In 1912 Menaul competed in the Central regional U.S. trials for the Stockholm Olympics. Stagg complained that the trials interfered with the intervarsity schedule. On 16 May he finished second (of two) in the pentathlon, behind Avery Brundage; in the decathlon on 22–23 May he finished first, ahead of Brundage and two others. The Amateur Athletic Union scored the results by sum-of-placings rather than the IAAF's newly devised scoring tables; Menaul's decathlon performance would have been a world record using the tables, though this was not realized until 1987.
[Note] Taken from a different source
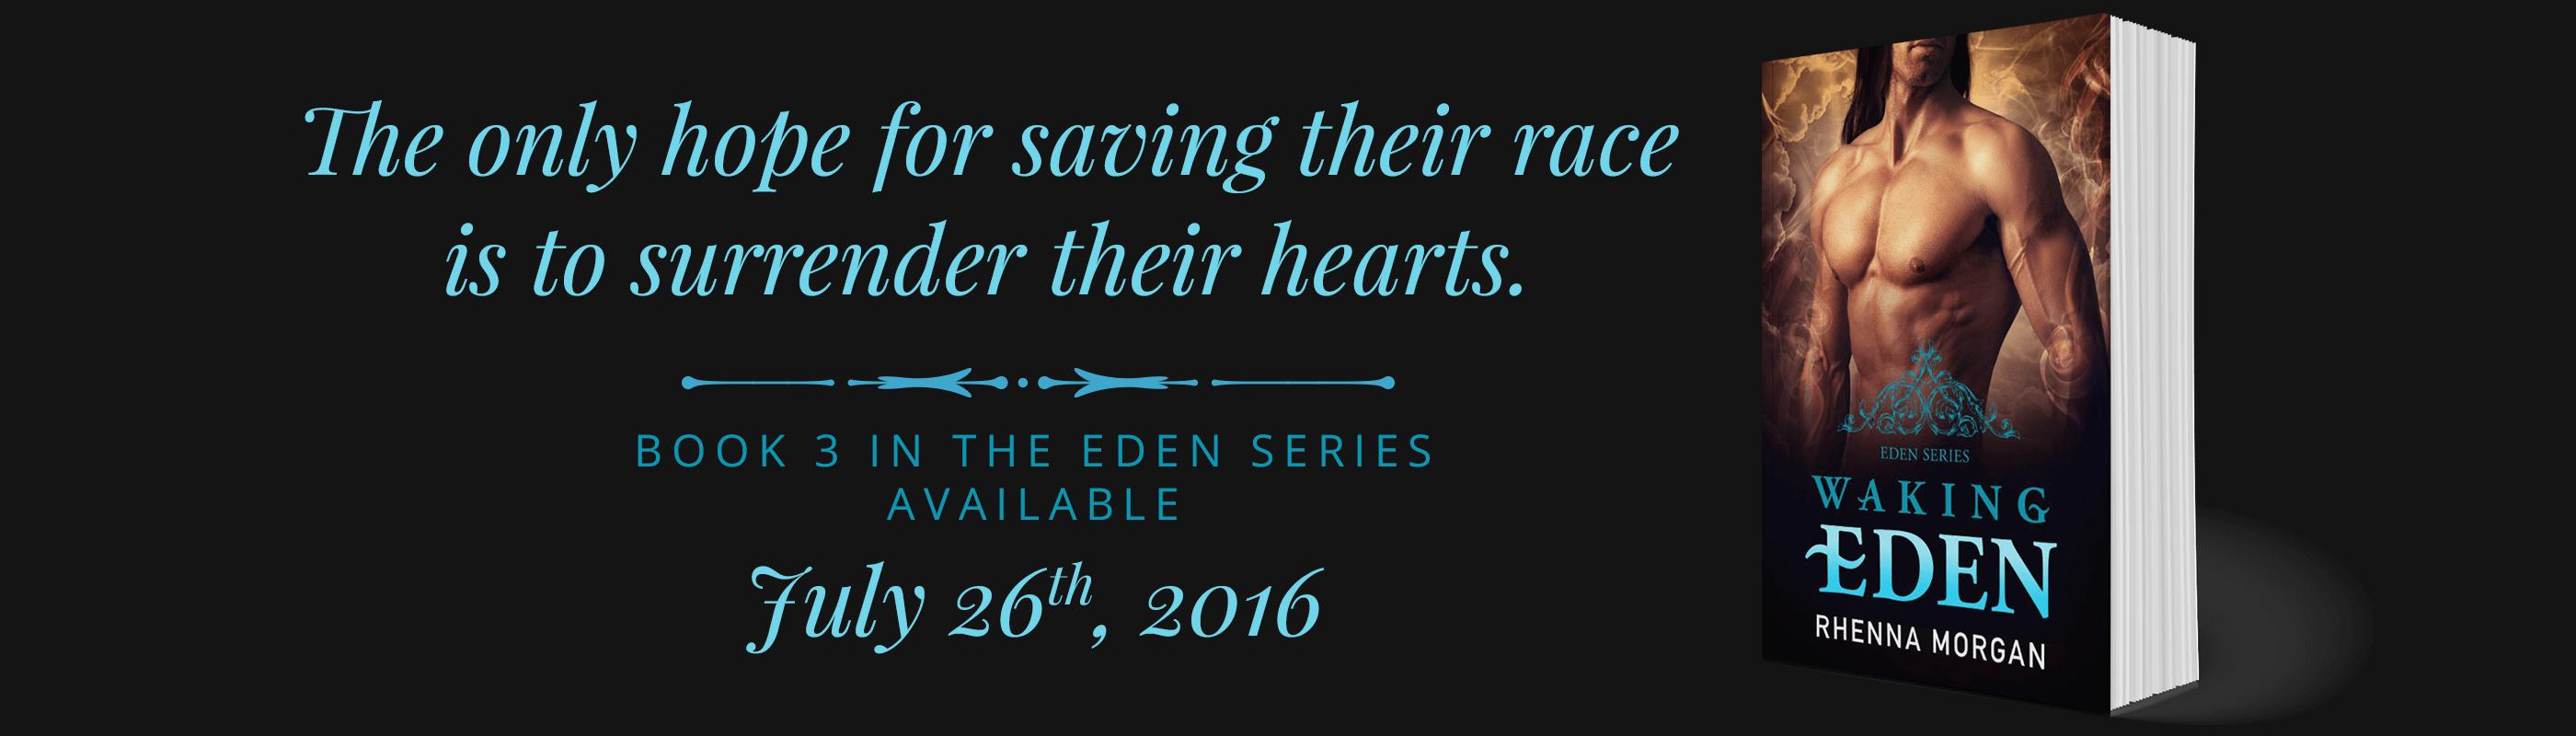 Waking Eden, Book 3 in the Eden Series by Rhenna Morgan

At the Olympic Games, Menaul narrowly missed out on a medal in the pentathlon: he finished fifth on 30 points, one point behind third and fourth places, which were promoted to second and third when winner Jim Thorpe was disqualified (and kept their medals when he was reinstated in 1982). Menaul had injured his shoulder practicing for the javelin throw, a discipline not part of the Big Ten program, and by far his worst score at the Olympics. Lingering effects of the injury prompted him to withdraw from the Olympic decathlon.

Track and field results of J. Austin Menaud
| Event | Competition | Date | Placing | Performance | Refs |
|---|---|---|---|---|---|
| Shot put | Big Ten outdoors | 1909 | 1st | 42 feet 10 inches (13.06 m) |  |
| Shot put | Big Ten indoors | 1911 | 1st | 42 feet 8 inches (13.00 m) |  |
| Pentathlon | Central U.S. Olympic Trials | 1912 | 2nd |  |  |
| Decathlon | Central U.S. Olympic Trials | 1912 | 1st | 7414.555 (1912 tables) / 5867 (1984 tables) 100m 11.4 — LJ 6.06 m (19 ft 11 in) — SP 12.70 m (41 ft 8 in) — HJ 1.78 m (5 ft 10 in) — 400m 53.8 — 110mH 16.6 — DT 33.00 m (108 ft 3 in) — PV 2.89 m (9 ft 6 in) — JT 40.48 m (132 ft 10 in) — 1500m 4:37.2 |  |
| Pentathlon | Olympic Games | 1912 | 5th |  |  |

After graduation, Menaul enlisted and fought in World War I. Later he worked for publishers Scott Foresman (founded by his mother's brother) and then as a livestock buyer for Swift and Company. He married Della Patterson in 1922 and had four children, retiring in 1951 and moving to Menlo Park, California, where he died in 1975.